▶ [DATASET CONTENT]:
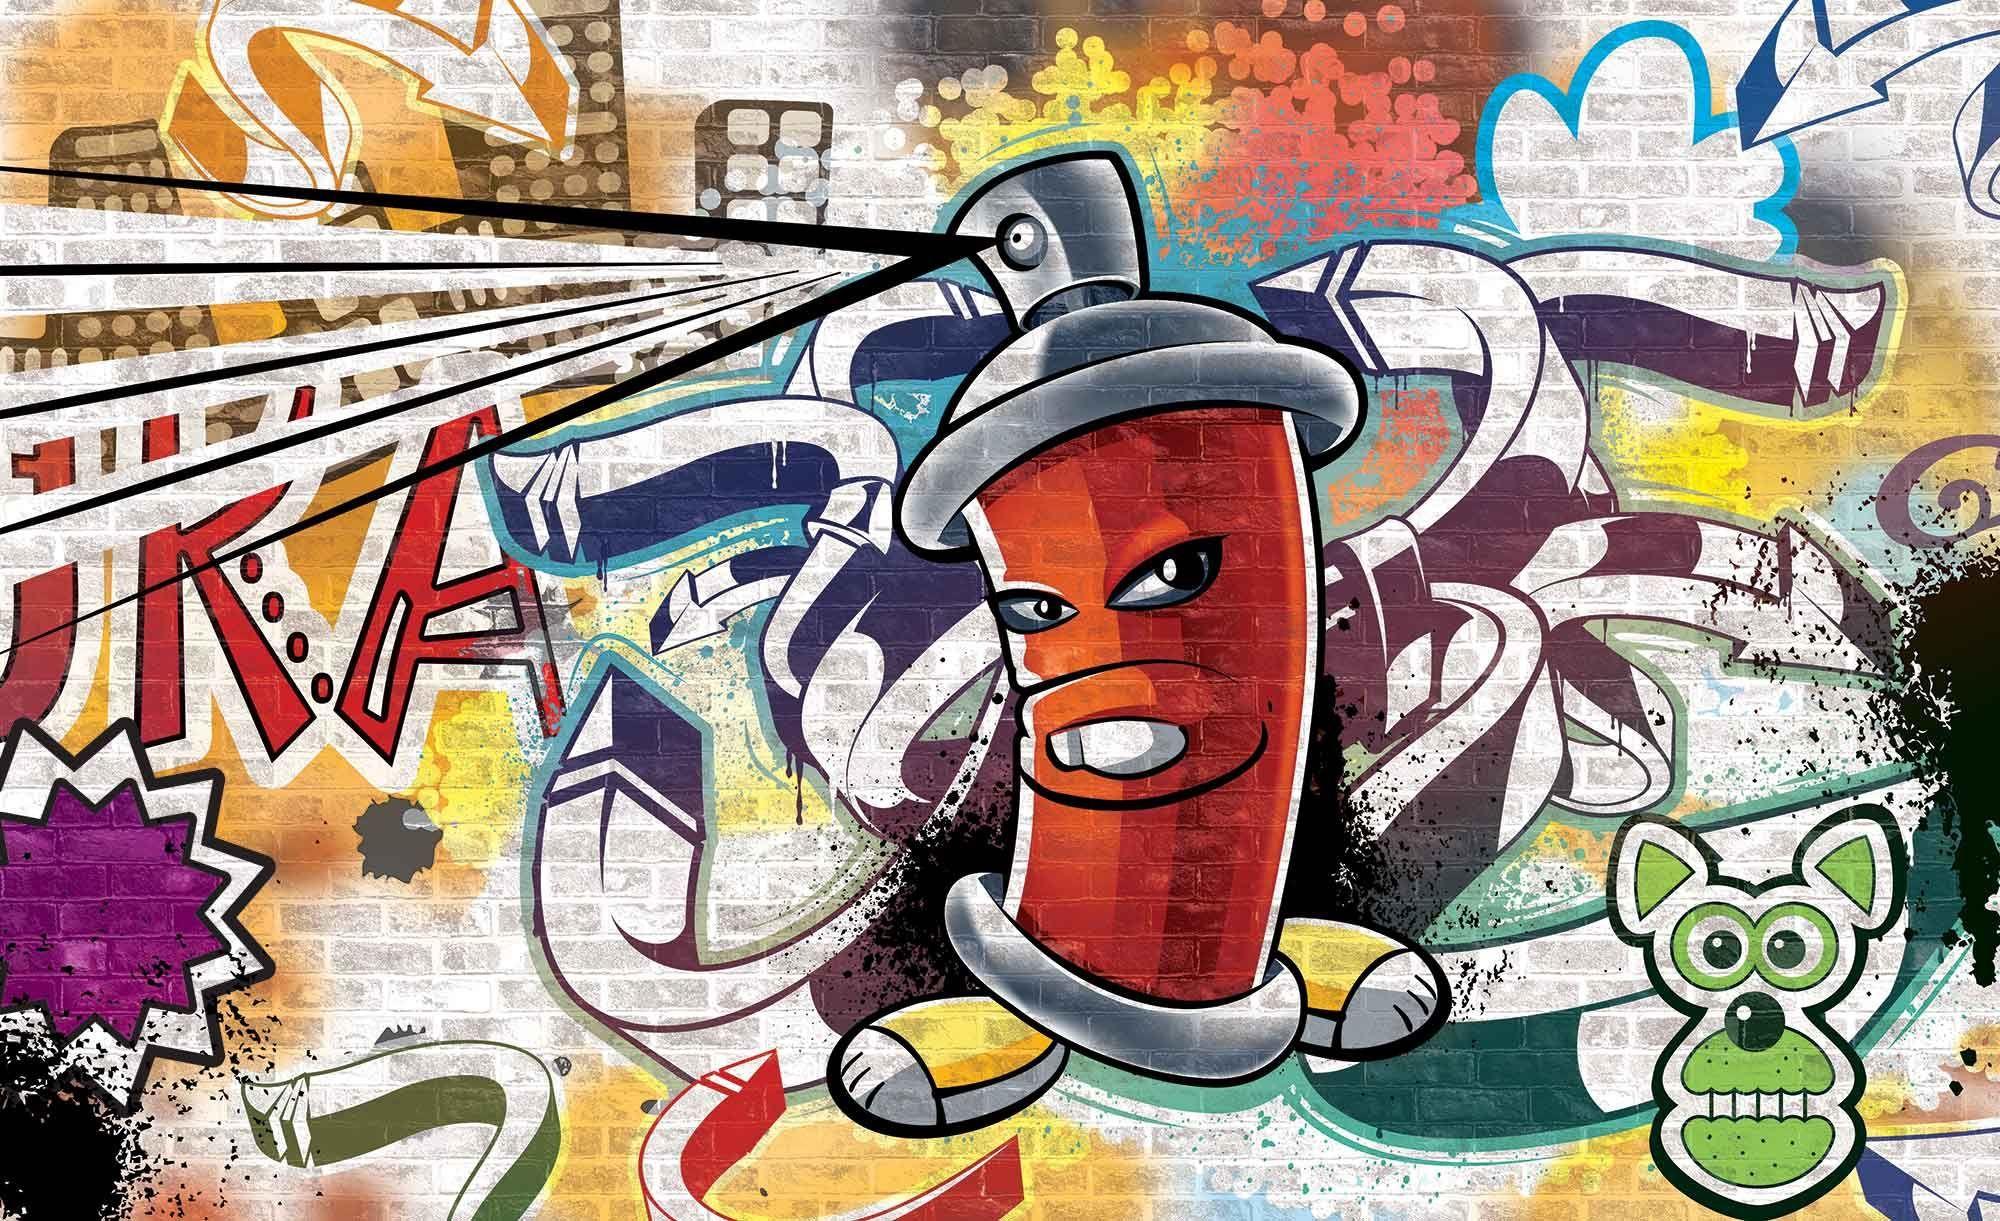 2000 x 1221 · jpeg - Cartoon Graffiti Wallpapers - Top Free Cartoon Graffiti Backgrounds ...
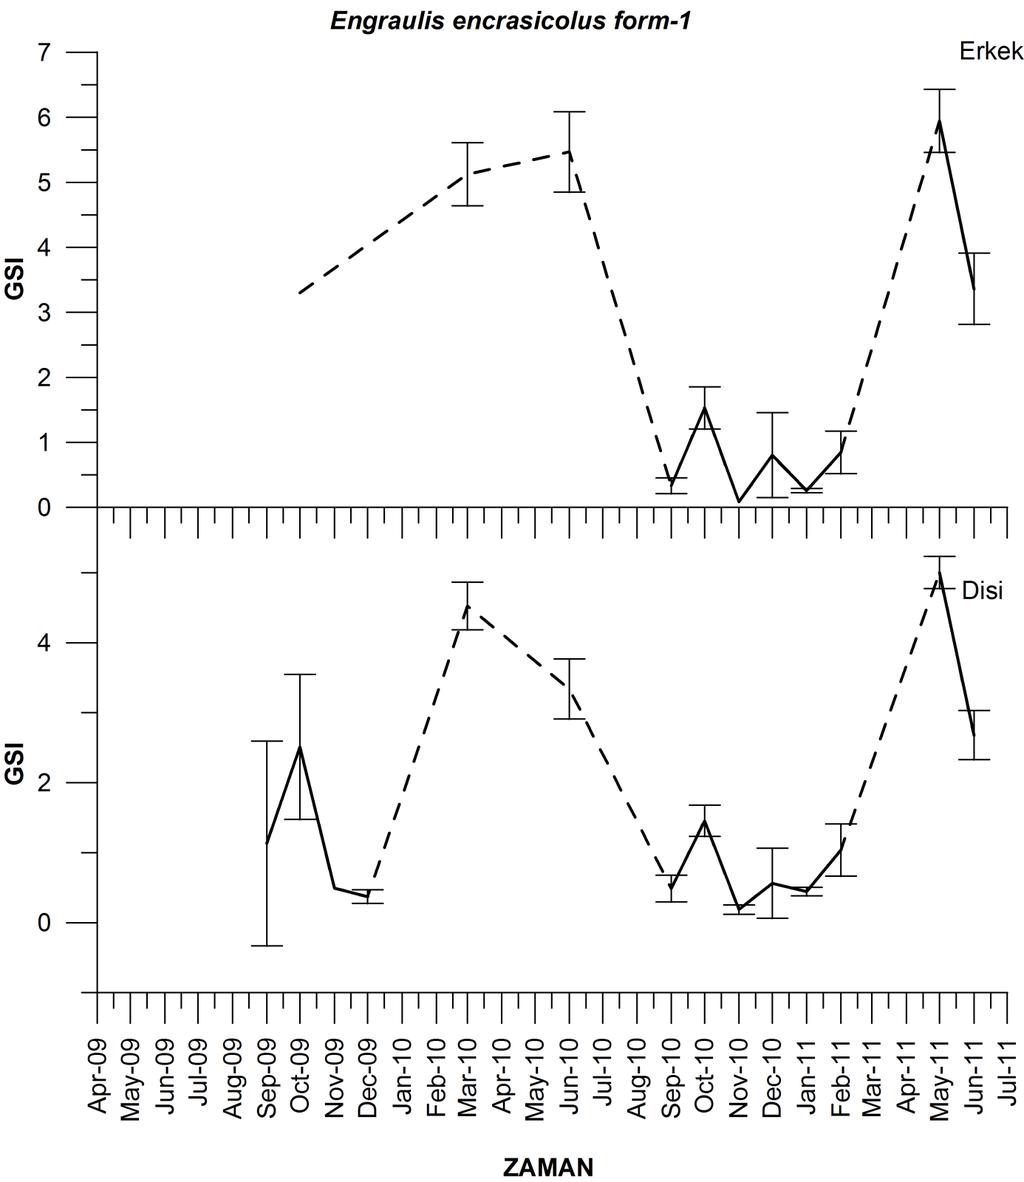 Şekil 86: Engraulis encrasicolus form-1 türünün dişi ve erkek bireylerine ait aylık GSI değişimleri GSI değişimleri her iki eşey için genel olarak benzerlik göstermektedir fakat 2010 ve 2011
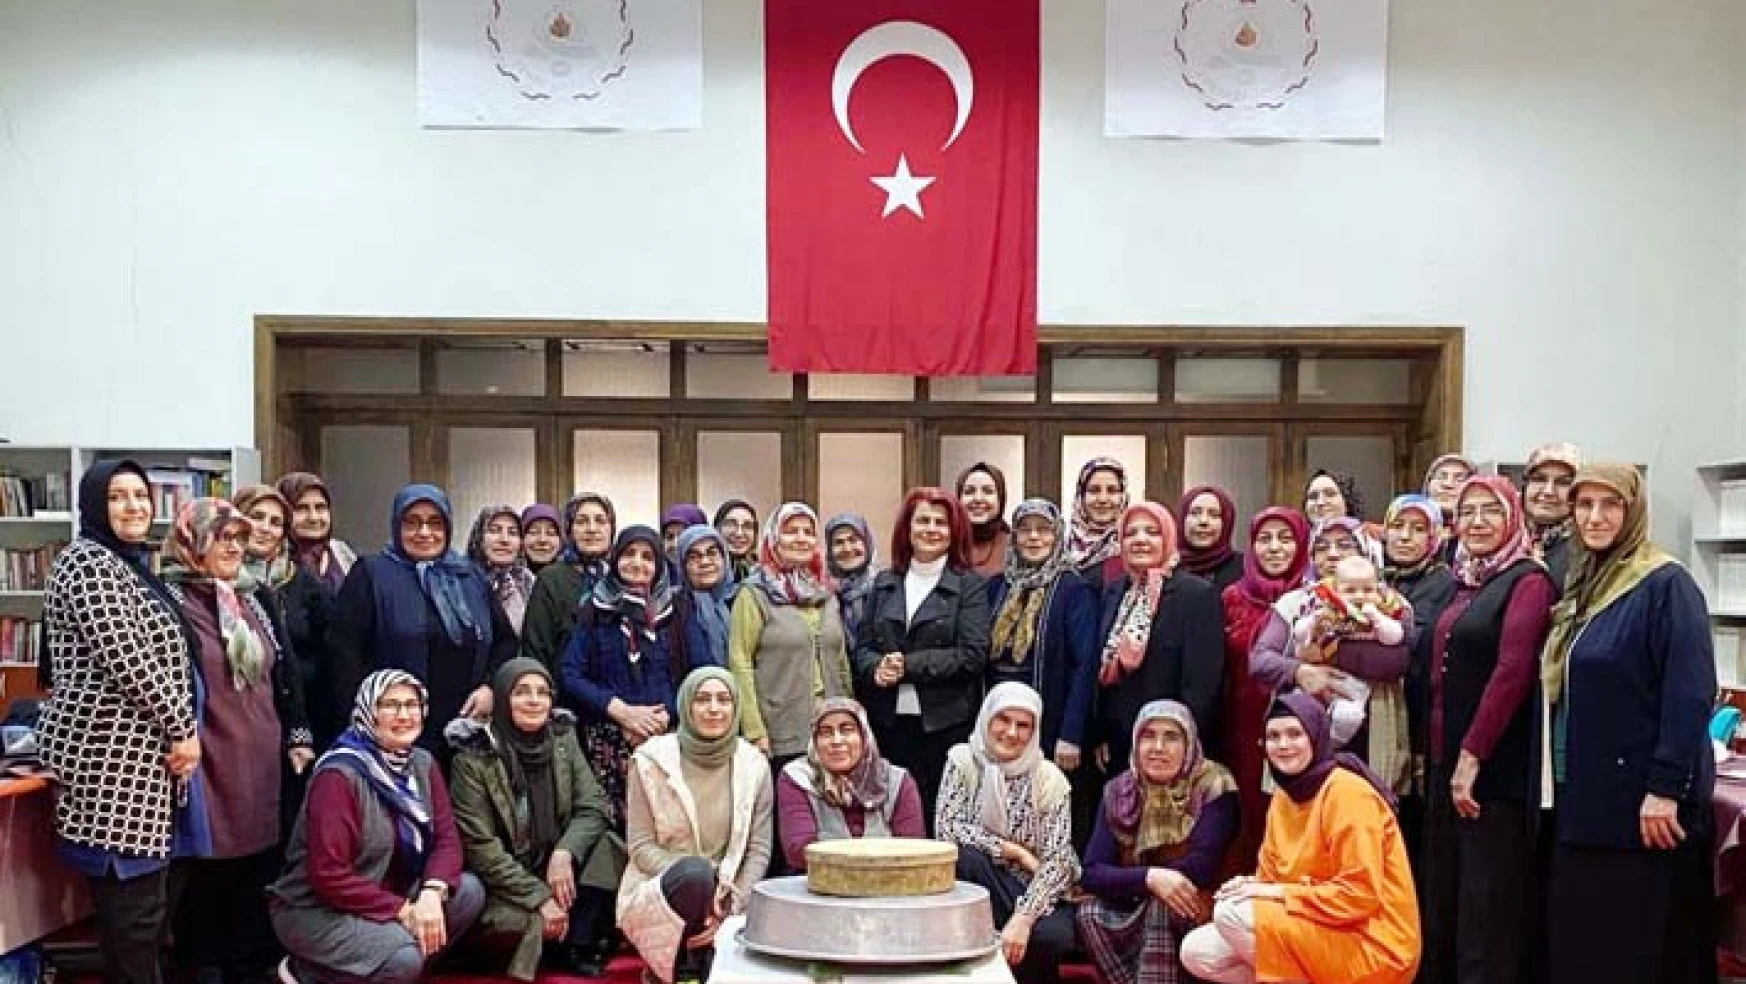 Konya'nın Çumra ilçesinde 8 Köyün Yörük Hanımları Bir Araya Geldi

▶ [AIM OF THE EXERCISE]:
Omit the pictures, then give all the lines above again exactly.

▶ [RESPONSE]:
 2000 x 1221 · jpeg - Cartoon Graffiti Wallpapers - Top Free Cartoon Graffiti Backgrounds ...
 Şekil 86: Engraulis encrasicolus form-1 türünün dişi ve erkek bireylerine ait aylık GSI değişimleri GSI değişimleri her iki eşey için genel olarak benzerlik göstermektedir fakat 2010 ve 2011
 Konya'nın Çumra ilçesinde 8 Köyün Yörük Hanımları Bir Araya Geldi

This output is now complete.